_TASK BRIEF_: Drop the pictures and repeat the remaining data exactly.

_PROVIDED MATERIAL_:
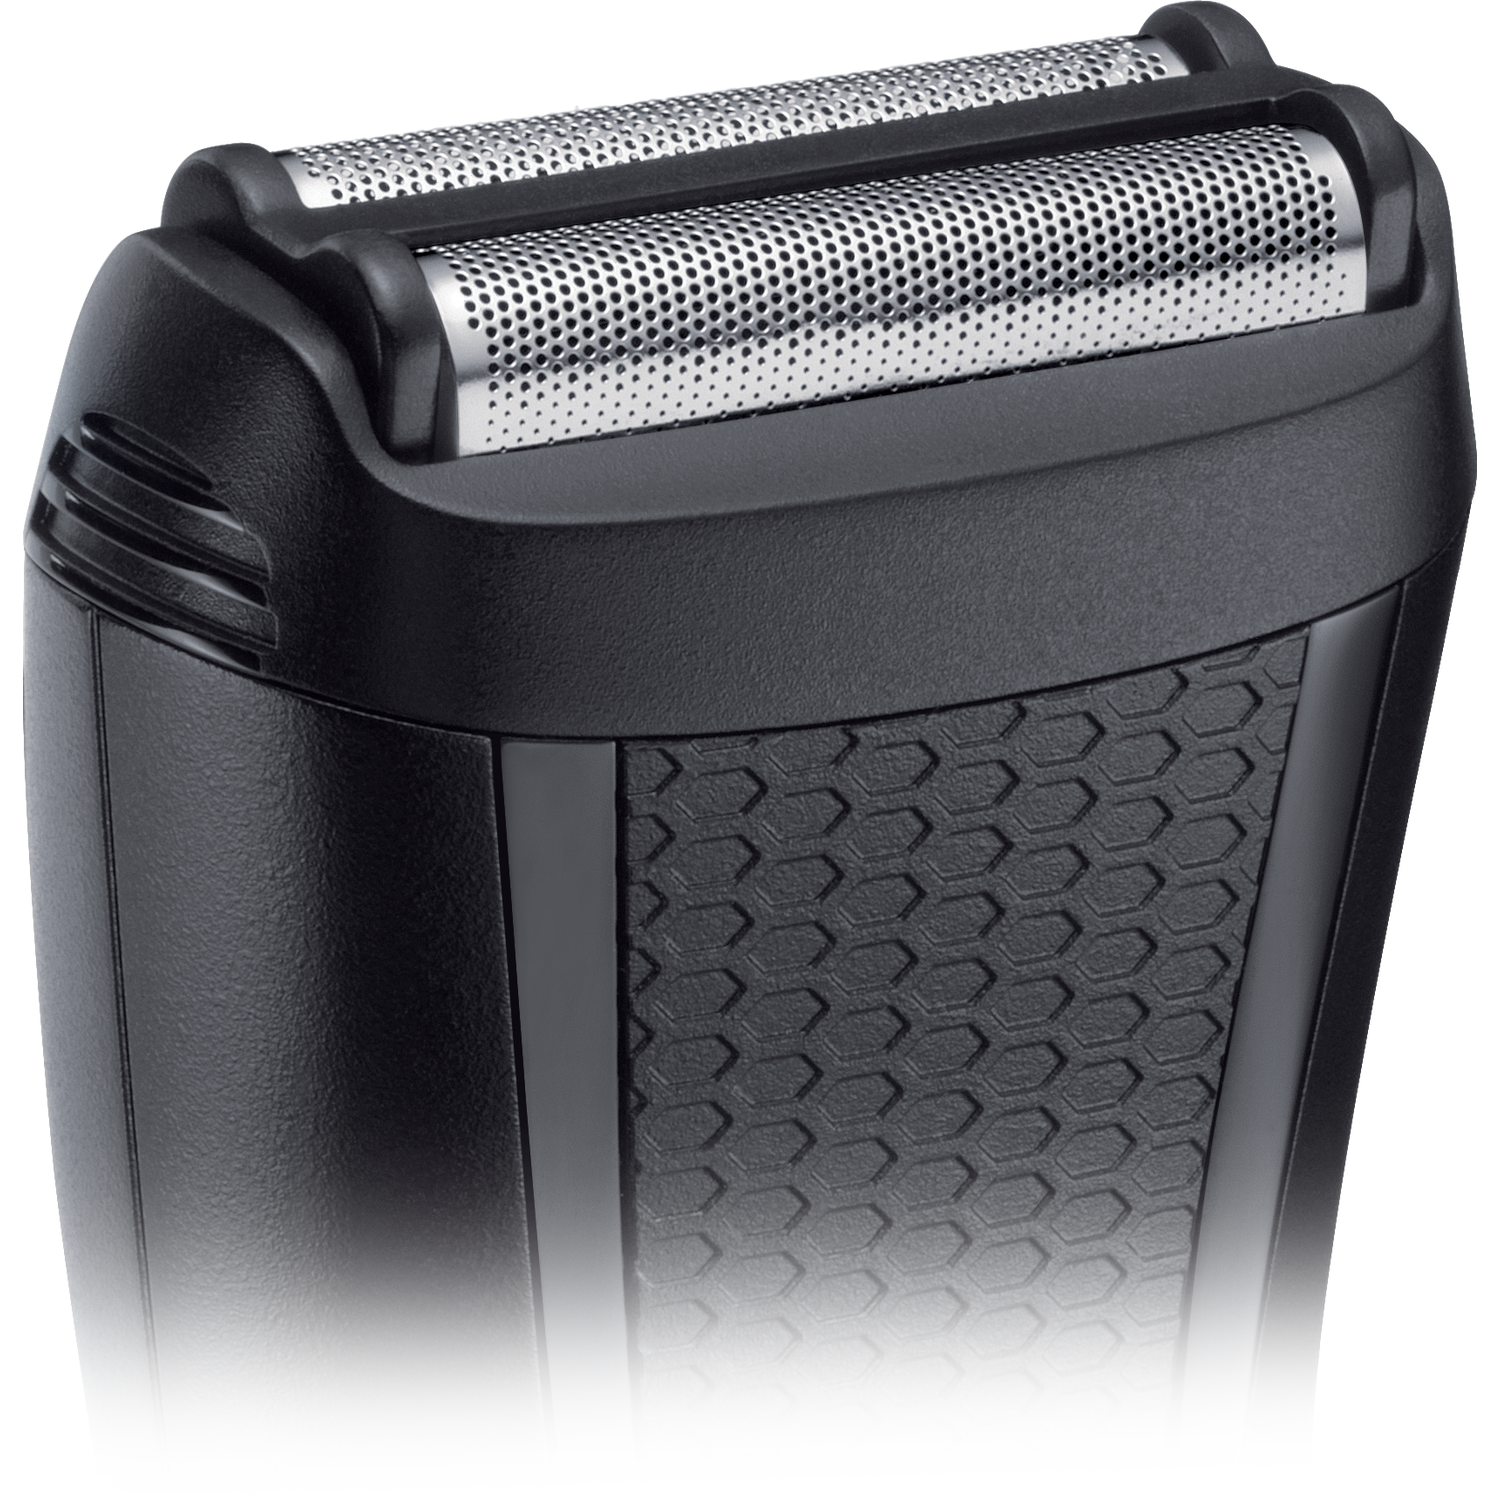 Remington F2 Style Series Foil Shaver - Black Image 4
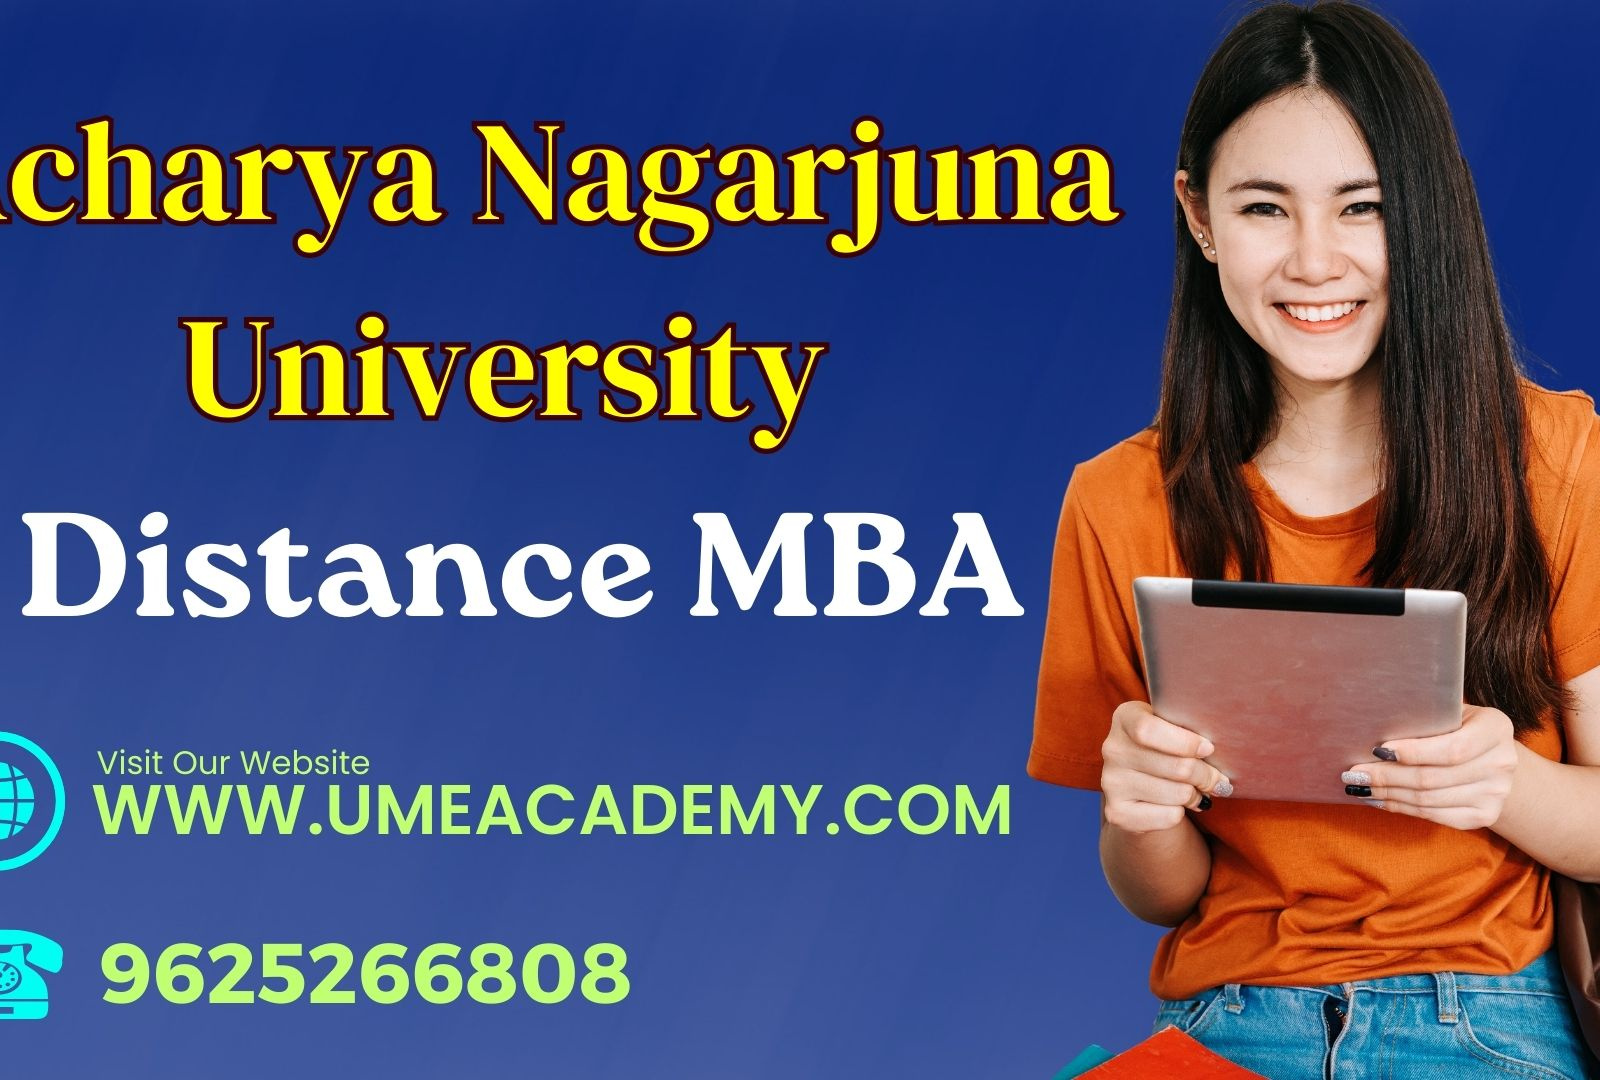 Acharya Nagarjuna University Distance MBA by kajal sharma on Dribbble
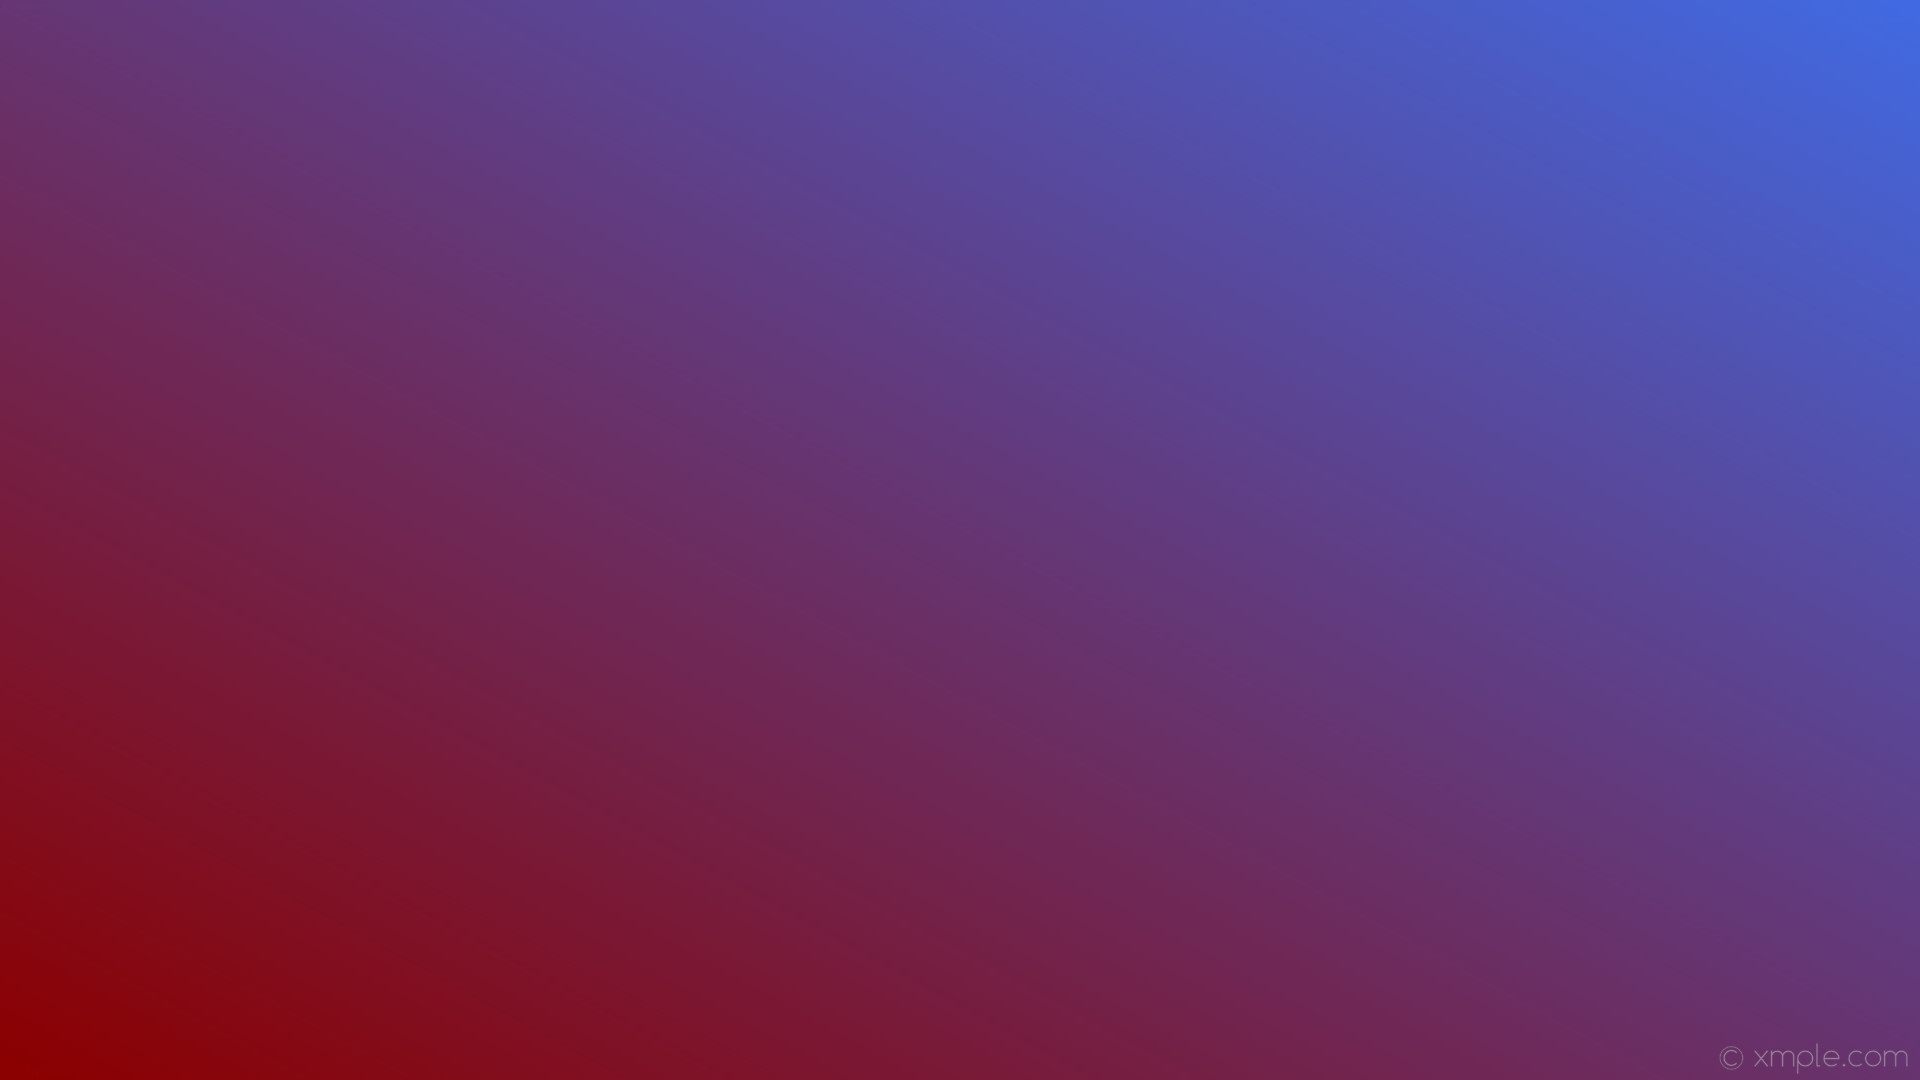 1920x1080 wallpaper gradient linear red blue dark red royal blue #8b0000 #4169e1 210Â°

_RESULT OF THE TASK_:
 Remington F2 Style Series Foil Shaver - Black Image 4
 Acharya Nagarjuna University Distance MBA by kajal sharma on Dribbble
 1920x1080 wallpaper gradient linear red blue dark red royal blue #8b0000 #4169e1 210Â°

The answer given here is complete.